The industry “sweep” really gained momentum with the Johnson and Johnson 2011 settlement for approximately $70 million, and the Pfizer settlement for a little over $60 million in 2012. For years, these two cases were the highest penalties imposed against drug and medical device companies.

Drug and medical device companies were targeted based on cooperation from other companies, common distributors and bribery practices, and voluntary disclosures.

Last year, Teva Pharmaceuticals broke all records for drug and device company FCPA enforcement actions when it settled with DOJ and the SEC for $519 million. Last year, 2016 was a big year for DOJ and SEC enforcement actions against drug and device companies, including settlements with GSK ($20 million); AstraZeneca ($5 million); Analogic ($15 million); Novartis ($25 million); Nordion ($375k); SciClone ($12.8 million); and Teva ($519 million).

Continuing in 2017, there have ben two significant FCPA actions against medical device companies – Orthofix ($6 million, repeat offender) and ZimmerBiomet ($30 million, repeat offender)
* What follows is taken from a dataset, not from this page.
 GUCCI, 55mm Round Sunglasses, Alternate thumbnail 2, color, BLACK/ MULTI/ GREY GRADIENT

Drug and device companies face a number of significant FCPA risks. Even with redoubled compliance efforts, drug and device companies can easily fall into a series of missteps and investigation. In most foreign countries, the government owns and operates the healthcare system. Healthcare officials, physicians and staff are typically government employees and often fall within the FCPA definition of a “government official.” Given the nature of the interactions with foreign medical officials, drug and device companies have to exercise care when selling and marketing to medical officials and physicians.

In dealing with foreign healthcare officials and physicians, drug and medical device companies often face significant compensation/bribery demands from foreign officials and physicians who are often underpaid, particularly in comparison to their counterparts in the United States. Foreign officials and physicians view such compensation arrangements as part of their professional privilege, requesting conference sponsorships and other lavish benefits.
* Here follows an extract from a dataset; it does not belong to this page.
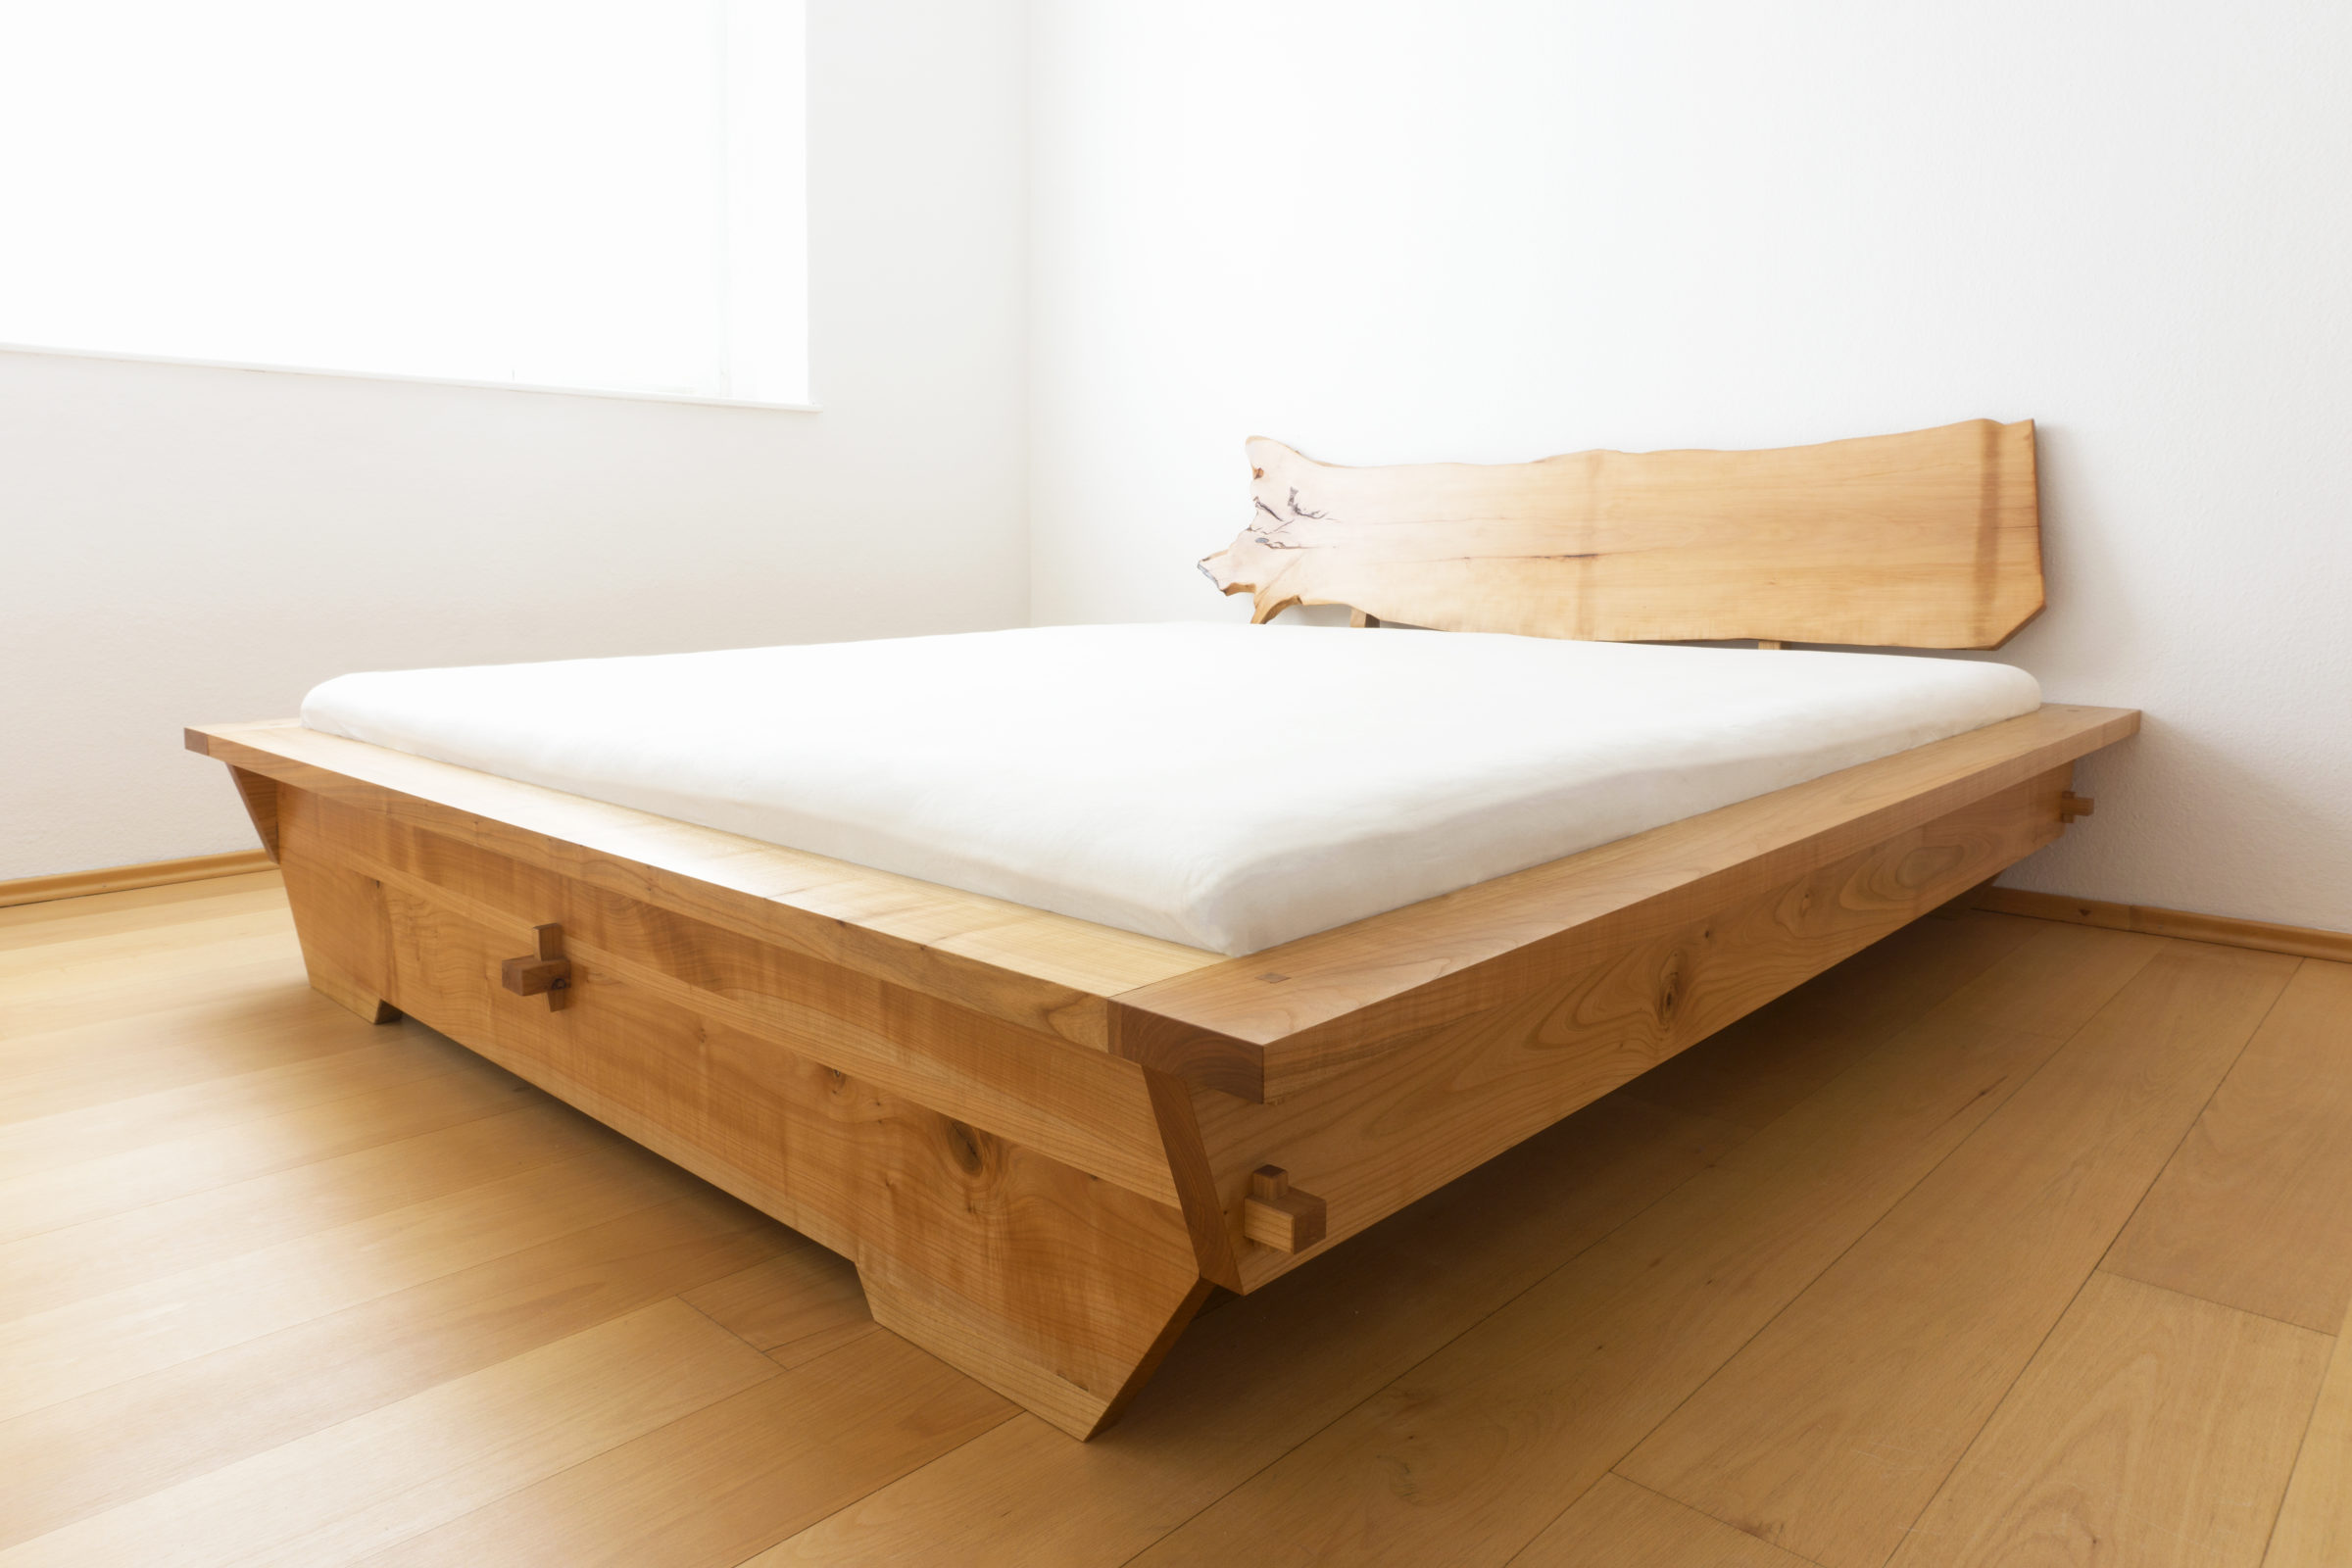 Bett, Massivholzmöbel handgemacht, Hochwertige Möbel aus Massivholz, Holzoberflächen handgehobelt, Einzelmöbelstücke, The Trees of Life

Drug and device companies also face significant risks by relying on extensive networks of distributors and sub-distributors to sell their products. These networks often stretch down to sub-sub-distributors who interact with individual hospitals in a geographic region.

The foreign pharmaceutical industry totals over $100 billion each year. China remains a high-risk market with significant upside. Chinese consumers continue to devote a significant portion of their income to drug and device products.

The so-called industry FCPA enforcement “sweep” may dwindle or even increase in the future. It is clear that corruption risks will continue and can increase as foreign governments assume greater control over the healthcare industry. As the trend of government-delivered healthcare continues to grow, so does the risk for drug and device companies seeking business with government health officials and physicians.

DISCLAIMER: Because of the generality of this update, the information provided herein may not be applicable in all situations and should not be acted upon without specific legal advice based on particular situations.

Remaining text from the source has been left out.